5ー3

「あんたが、それを叶えてくれるっていうのか?」

 ジルは、男に疑心をにじませながらも、期待に声が震えていた。

「私には、魔術に心得こころえがある者を知っている。だが同じ天の国に入れるかは保証できない。あくまで再会ができるということだ」

 ジルは私の言葉に合点がいったのか「やっぱりそうだろうな」と、苦笑まじりに呟いた。

「まあいい、死して再会できるなら構わない。
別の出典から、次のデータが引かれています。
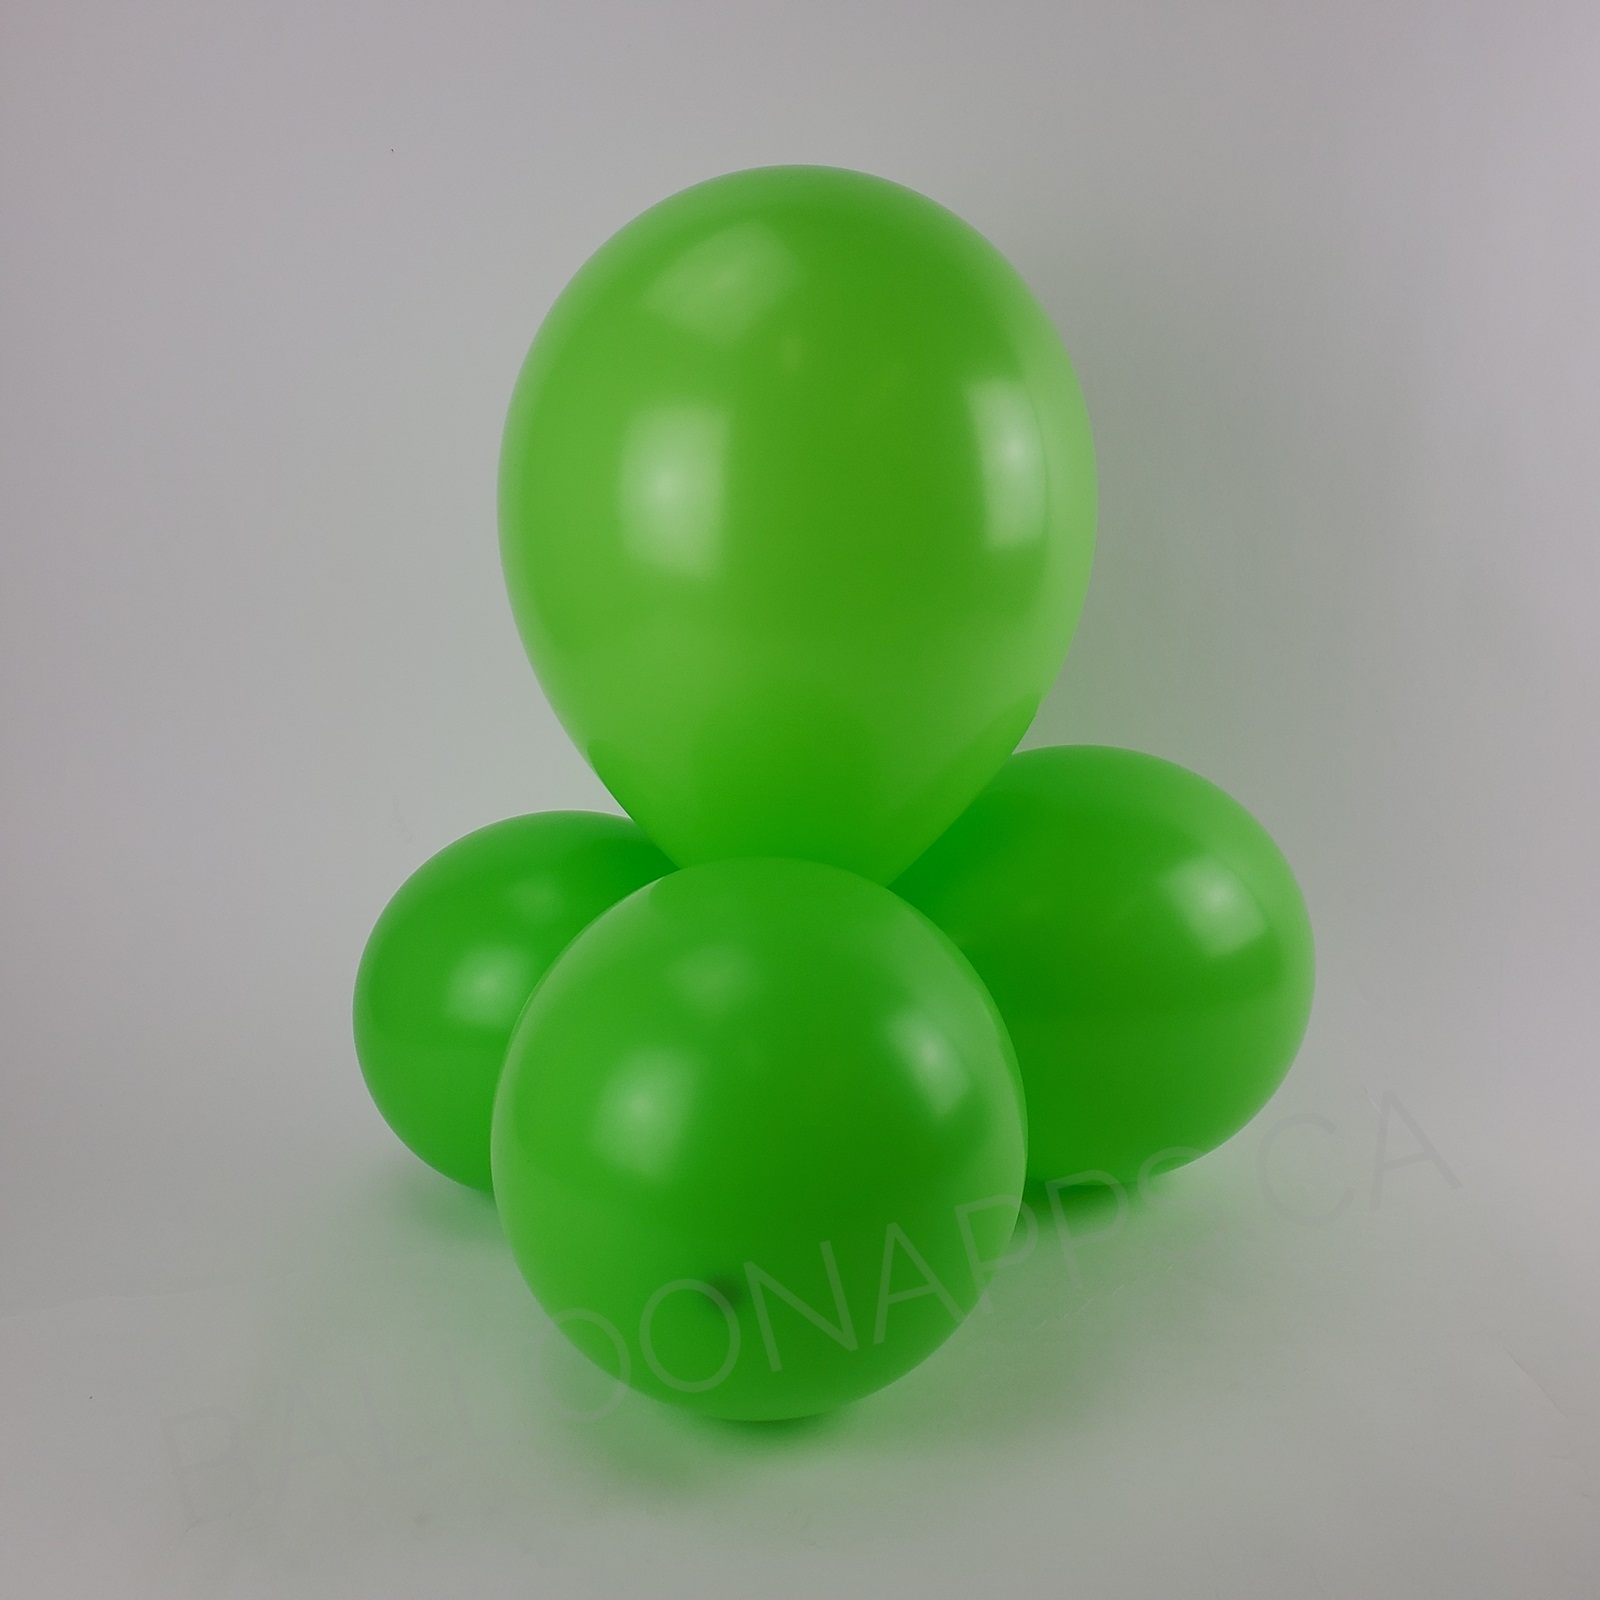 balloon texture Sempertex 260 Key Lime

頼む」

 ジルは独房の中で深々と頭を下げた。


 ✳︎


「ご主人様、あんな約束をされてよろしかったのですか?」

「ルニアは私の言葉が信じられないか?」

 ルニアは滅相もないといった風にかぶりを振って否定した。

「まあ信じろというのもいささか乱暴かもしれないな。私はあまりの才能はなくてね。よく師にも叱られたものだよ」

 ルニアが暫く私の言葉に言葉を失っている。

「ああ、ルニアに話すのは初めてかもしれないな。私には魔術のいろはを教えてくれた師匠がいる。名前はモルガナ。気難しい方だが頼りになる存在だ」

「気難しいとは失礼な弟子だな」

 しわがれた声で話しかけてきた一羽のカラス。

 ルニアはその衝撃に口を魚のように開閉させていた。

「噂をすればですね。師、お久しぶりです」

 男はうやうやしくカラスの姿で現れた師ーーモルガナにかしずいたのだった。